On GPU you can load the model directly in low precision to save memory:

```python
from nemoasr2pytorch.asr.api import (
    load_parakeet_tdt_fp16,
    load_parakeet_tdt_bf16,
    transcribe_amp,
)

# FP16 model (GPU only)
model_fp16 = load_parakeet_tdt_fp16(lang="EU")
print("FP16:", transcribe_amp(model_fp16, "your_audio.wav"))

# BF16 model (if hardware supports it)
model_bf16 = load_parakeet_tdt_bf16(lang="EU")
print("BF16:", transcribe_amp(model_bf16, "your_audio.wav"))
```

`transcribe_amp` uses PyTorch AMP (`torch.amp.autocast`) on CUDA to run the model in mixed precision.

## VAD (MarbleNet) for pre‑segmentation

Frame‑level VAD API:

```python
from nemoasr2pytorch.vad.api import load_default_frame_vad_model, run_vad_on_waveform
import torchaudio

# Loads MarbleNet VAD; if the .pt is missing, it is auto-downloaded
# from ModelScope to ./exports/frame_vad_multilingual_marblenet_v2.0.pt
vad_model = load_default_frame_vad_model()

waveform, sr = torchaudio.load("your_audio.wav")
if sr != vad_model.preprocessor.sample_rate:
    waveform = torchaudio.functional.resample(
        waveform, sr, vad_model.preprocessor.sample_rate
    )

probs, segments = run_vad_on_waveform(vad_model, waveform.squeeze(0))
print("Segments:", segments)
```

## Long‑audio inference (concept)

The repository version ships a reference script `inference.py` which:

- loads a Parakeet model (v2/v3, chosen by `lang`);
- optionally runs MarbleNet VAD to detect speech regions;
- merges VAD segments into chunks based on `min_seg` / `max_seg` length;
- runs Parakeet on each chunk and concatenates the results.

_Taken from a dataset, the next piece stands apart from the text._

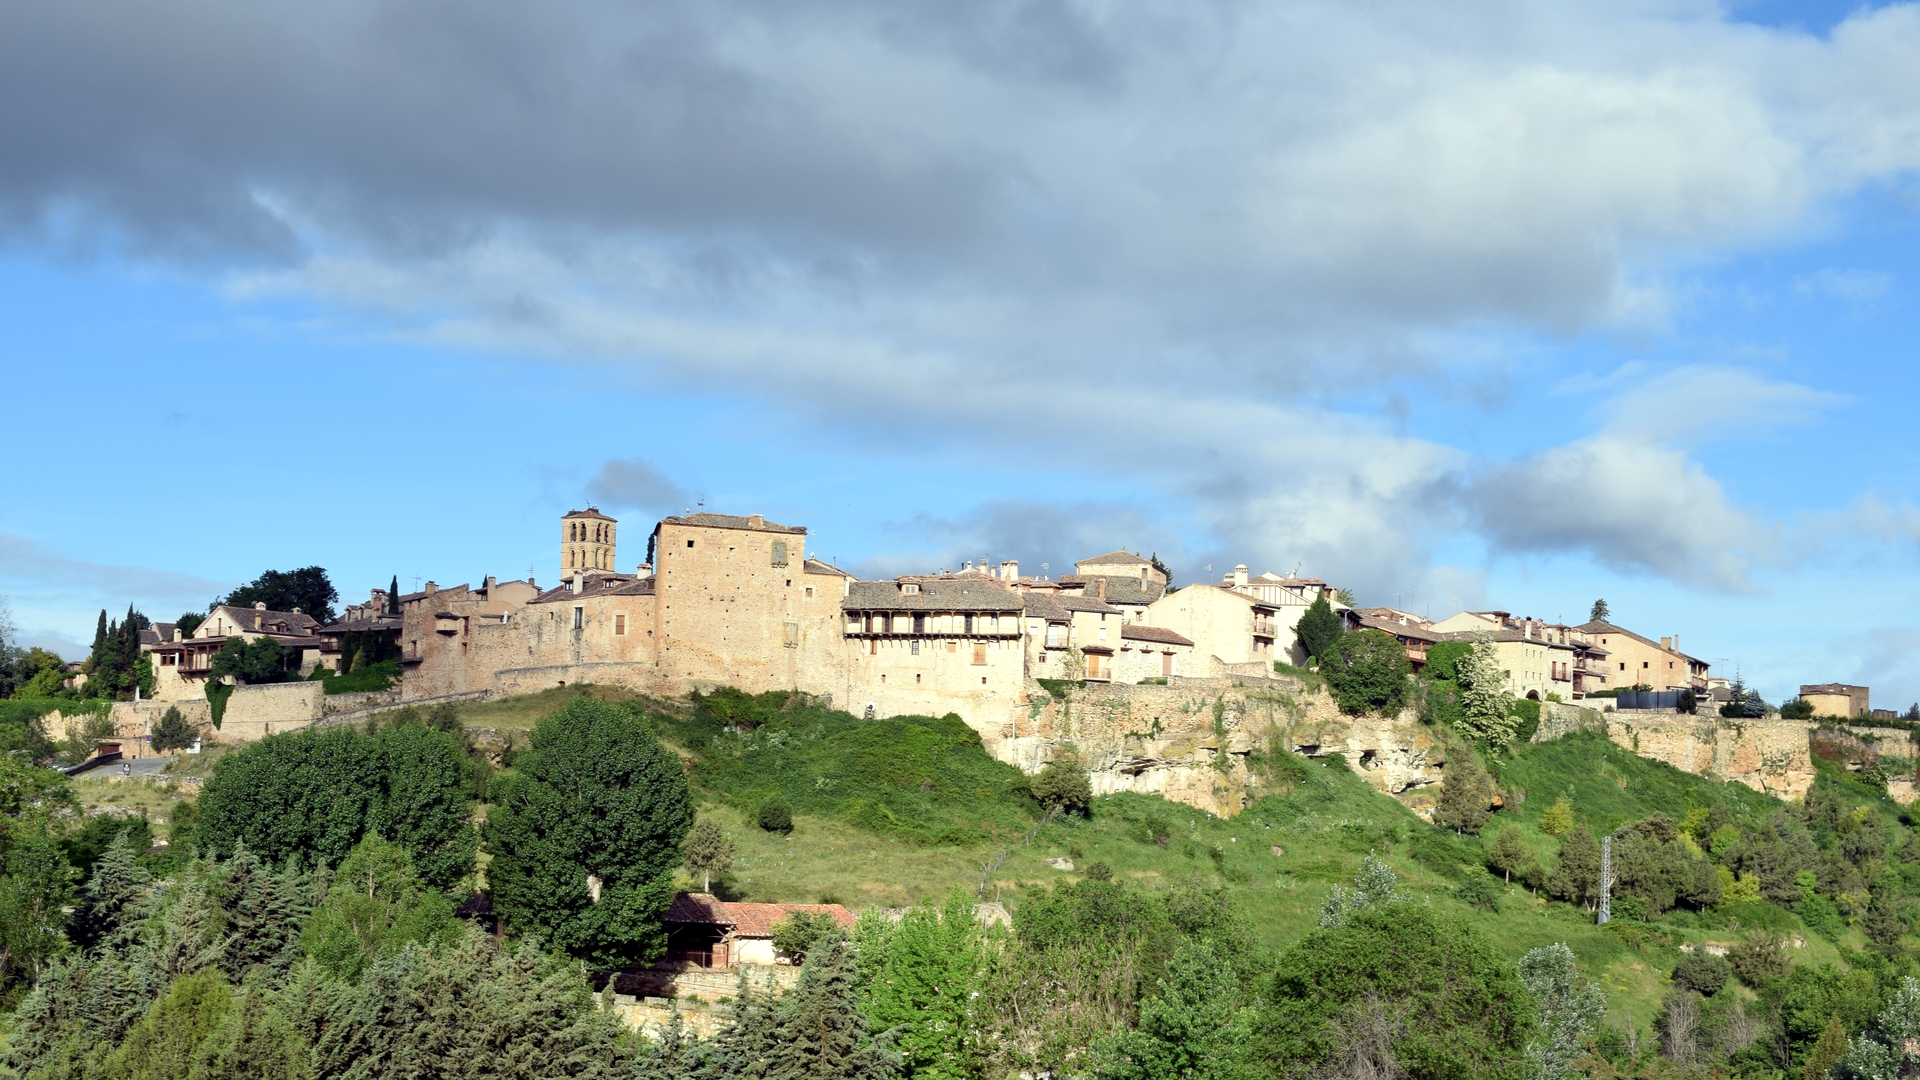 General 1920x1080 Pedraza Segovia Castilla y León Spain medieval village trees sky clouds building

The core logic is implemented via the public APIs:

- `nemoasr2pytorch.vad.api` – VAD model + `run_vad_on_waveform`
- `nemoasr2pytorch.asr.api` – Parakeet model + `transcribe` / `transcribe_amp`

You can either:

- copy `inference.py` from the GitHub repo and adapt it to your own CLI; or
- re‑implement a similar pipeline in your application using the two APIs above.

## Package APIs

Main public modules:

- `nemoasr2pytorch.asr.api`
  - `load_default_parakeet_tdt_model(lang="EN" | "EU", device=None, dtype=torch.float32)`  
    Load Parakeet‑TDT in FP32; `lang` chooses v2 (EN) vs v3 (EU).  
  - `load_parakeet_tdt_fp16(lang="EN" | "EU", device=None)`  
    Load FP16 model (usually on GPU).  
  - `load_parakeet_tdt_bf16(lang="EN" | "EU", device=None)`  
    Load BF16 model (if supported).  
  - `transcribe(model, audio)`  
    Greedy TDT decoding in full precision (CPU or GPU).  
  - `transcribe_amp(model, audio)`  
    Greedy TDT decoding with AMP on CUDA for low‑precision models.

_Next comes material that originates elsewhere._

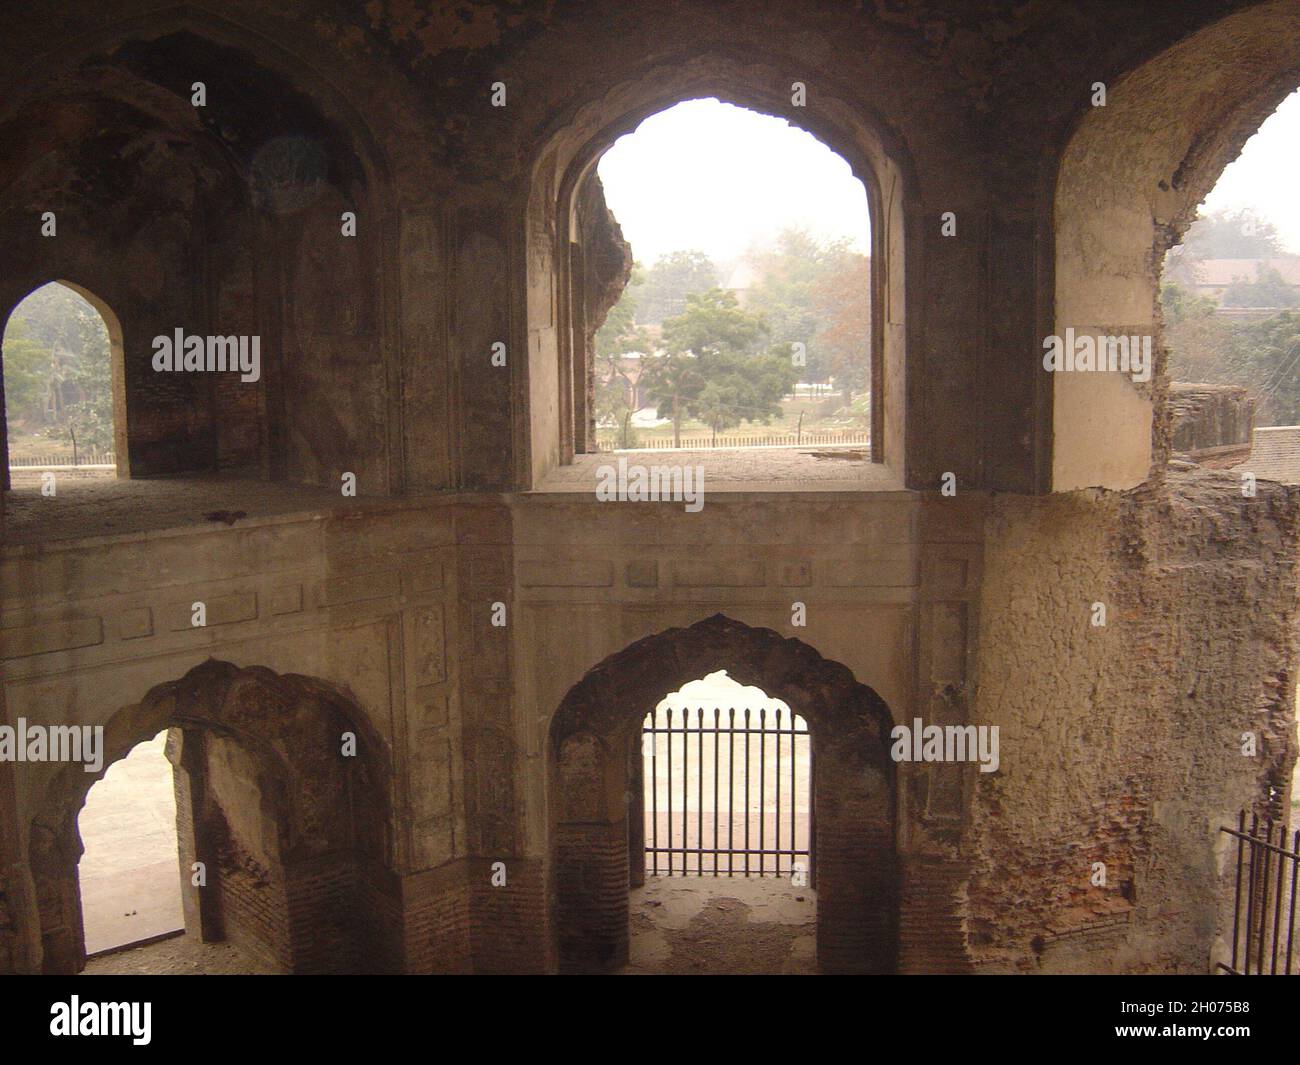 Vue intérieure sur la tombe de Khan-e-Jahan Bahadur Zafar Jang Kokaltash.Kokaltash était amon les nobles de l'empereur Mughal Aurangzeb Alamgir.Il est mort en 1697 et le tombeau doit avoir été construit dans la même période.Le mausolée est octogonal en plan avec de hautes arches de chaque côté et se tient sur une plate-forme octogonale.L'ensemble du bâtiment est construit en briques coupées sans aucune utilisation de pierre de sable rouge qui le rend important parmi les bâtiments de cette période dans la ville de Lahore, Pakistan.3 février 2007. Banque D'Images

- `nemoasr2pytorch.vad.api`
  - `load_default_frame_vad_model(device=None, dtype=torch.float32)`  
    Load the MarbleNet VAD model from a local `.pt`.  
  - `run_vad_on_waveform(model, audio, ...)`  
    Compute per‑frame speech probabilities and return merged speech segments.

## Notes / Limitations

- This package focuses on **inference only**; training and NeMo’s full config stack (Hydra/Lightning) are intentionally omitted.
- Parakeet weights (`.pt`) are auto‑downloaded from ModelScope on first use; VAD `.pt` is currently expected to be provided by the user (converted from NeMo).
- For best performance and lower memory usage, a CUDA‑enabled PyTorch build is recommended; CPU‑only inference also works but will be slower on long audio.